Ahh wunderbar, es funktioniert, danke Jungs!!    

Eine kleine Frage noch   

Was müsste ich bei einem Linux-System in der exec-methode angeben um Befehler wie cp, ls usw auszuführen?

Liebe Grüße


----------



## sunfy (6. Sep 2007)

Ah, ich sehe du hast das gleiche Problem wie ich gerade.
Unter Windows klappt das mit "exec( "cmd /c dir");" doch unter Linux / Unix gibt es den Befehl cmd ja nicht.

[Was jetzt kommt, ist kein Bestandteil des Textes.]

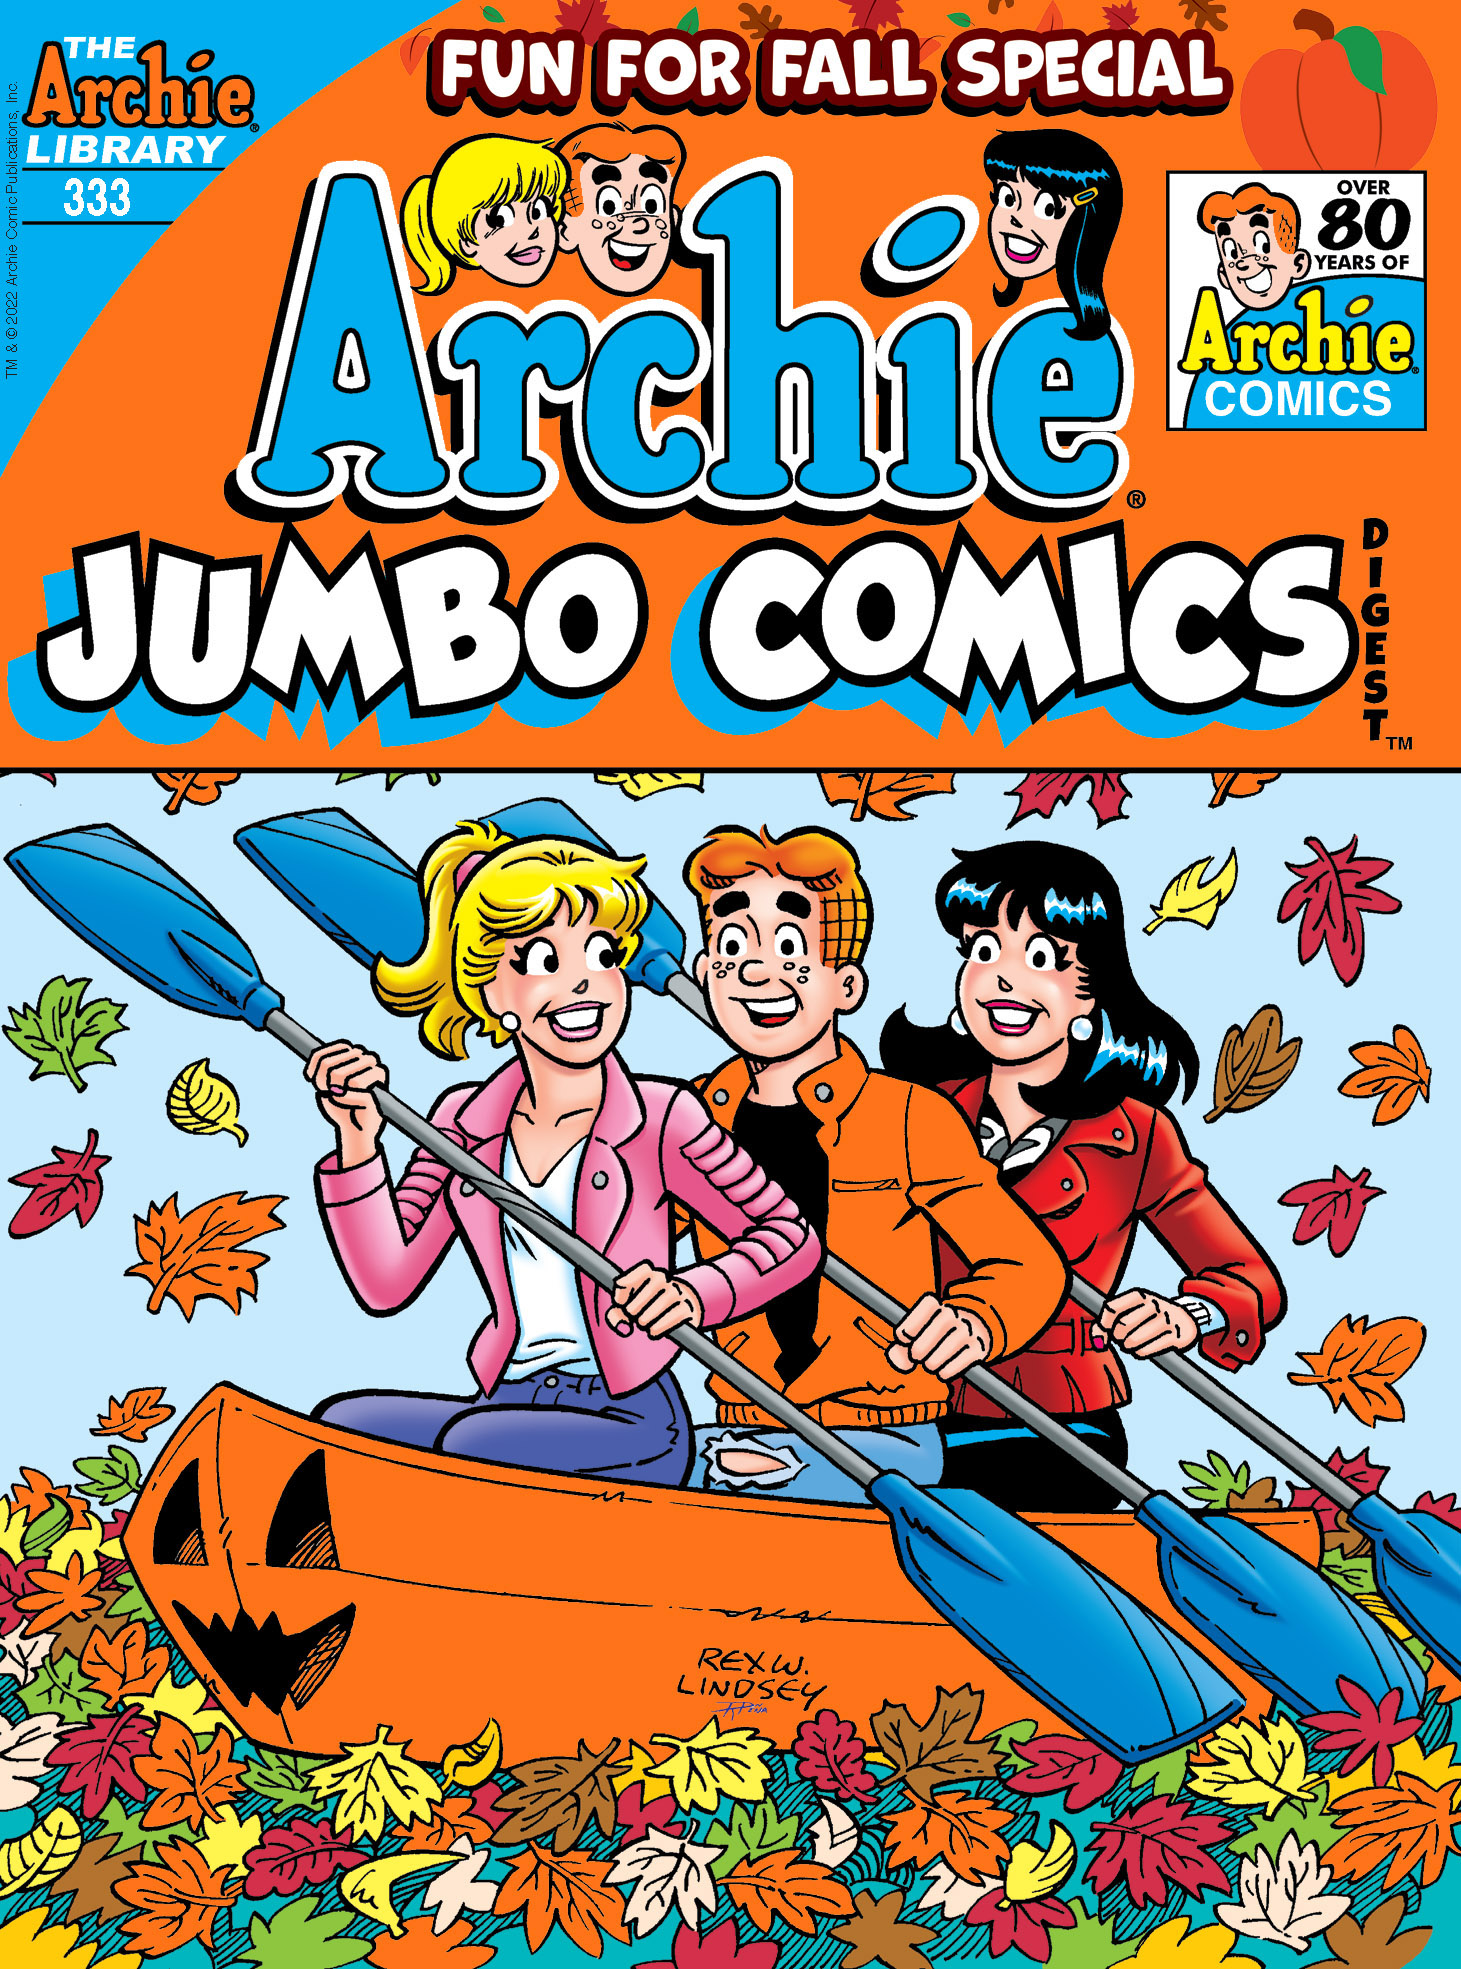 Archie Double Digest #333 by: Archie Superstars - 9781645767152 | RedShelf

Da muss man irgendwie mit der shell anstatt command arbeiten, aber wie genau hab ich auch noch nicht herausgefunden.

Gruß Sunfy


----------



## HoaX (6. Sep 2007)

idR sollte es ein "/bin/sh -c 'das was | ich ausfuehren && will'" tun.

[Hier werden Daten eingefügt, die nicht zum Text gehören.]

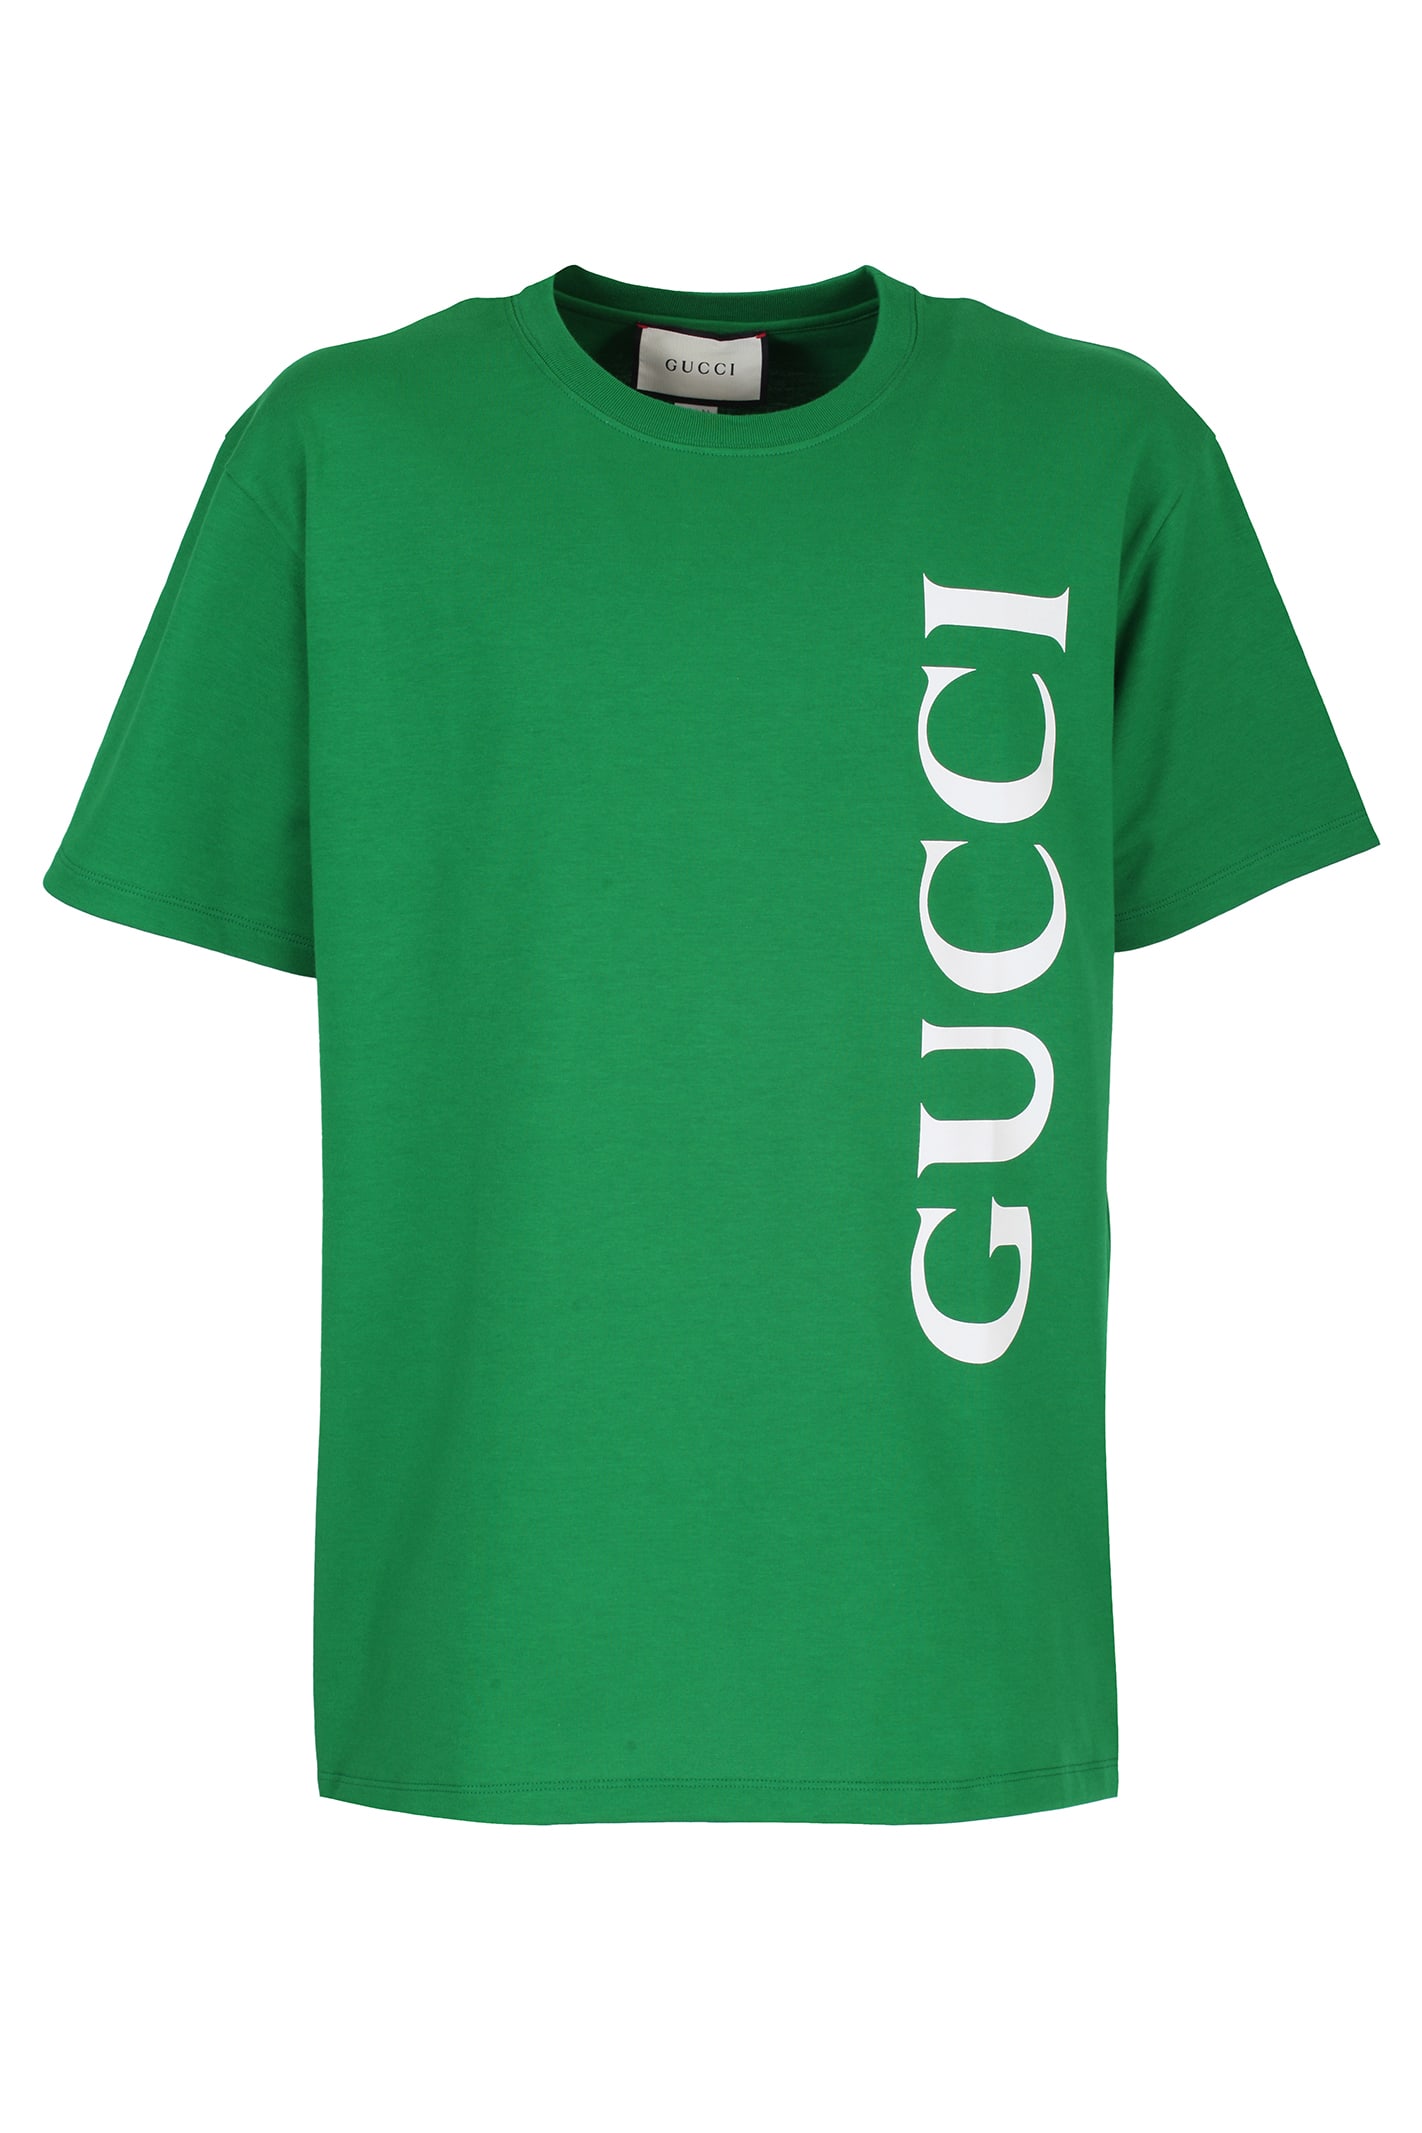 Gucci Short Sleeve T-Shirts | italist, ALWAYS LIKE A SALE

du kannst eigentlich jedes programm auch direkt starten, ohne shell. nur wenn du wildcards verwendest oder shell-builtins wird es nötig.

aber wenn du eh nur dir, ls, cp usw ausführen willst warum dann der umweg über die shell anstatt direkt zu File/File{Input,Output}Stream zu greifen? dann bist du auf jedenfall platformunabhängig


----------



## joergh (3. Jan 2008)

Gibt es bei exec die Möglichkeit 
a) die Ausgaben, die manche Befehle haben, in Java einzulesen?
b) darauf zu warten, dass ein Befehl ausgeführt wurde? Mir scheint es so, dass die Befehle nur abgesetzt werden. Ich suche nach einer Möglichkeit darauf zu warten, dass das Kommando erfolgreich /-los war.

Gruß&Danke!


----------



## HoaX (3. Jan 2008)

ja, schau dir mal den rückgabewert von Runtime#exec genauer an ...


----------



## dracayr (5. Jan 2008)

Runtime.getRuntime().exec("programm").waitFor()


----------



## joergh (8. Jan 2008)

Okay, schon mal danke.
Grundsätzlich läuft es jetzt, wie ich es will - es darf nur kein programmfehler aufkommen. Leider bin ich scheinbar im Moment zu blöd oder zu blind, die Programmausgabe, die in der Shell ausgegeben wird, wenn ich den befehl dort eingebe, in meinem Javaprogramm einzulesen.
Kann mir da noch jemand helfen? Danke!


----------



## Killi138 (16. Feb 2008)

Ich hasse es, auf der Suche nach etwas zu sein, jemanden zu finden der das gleiche Problem hat und keiner ne Antwort parat hat...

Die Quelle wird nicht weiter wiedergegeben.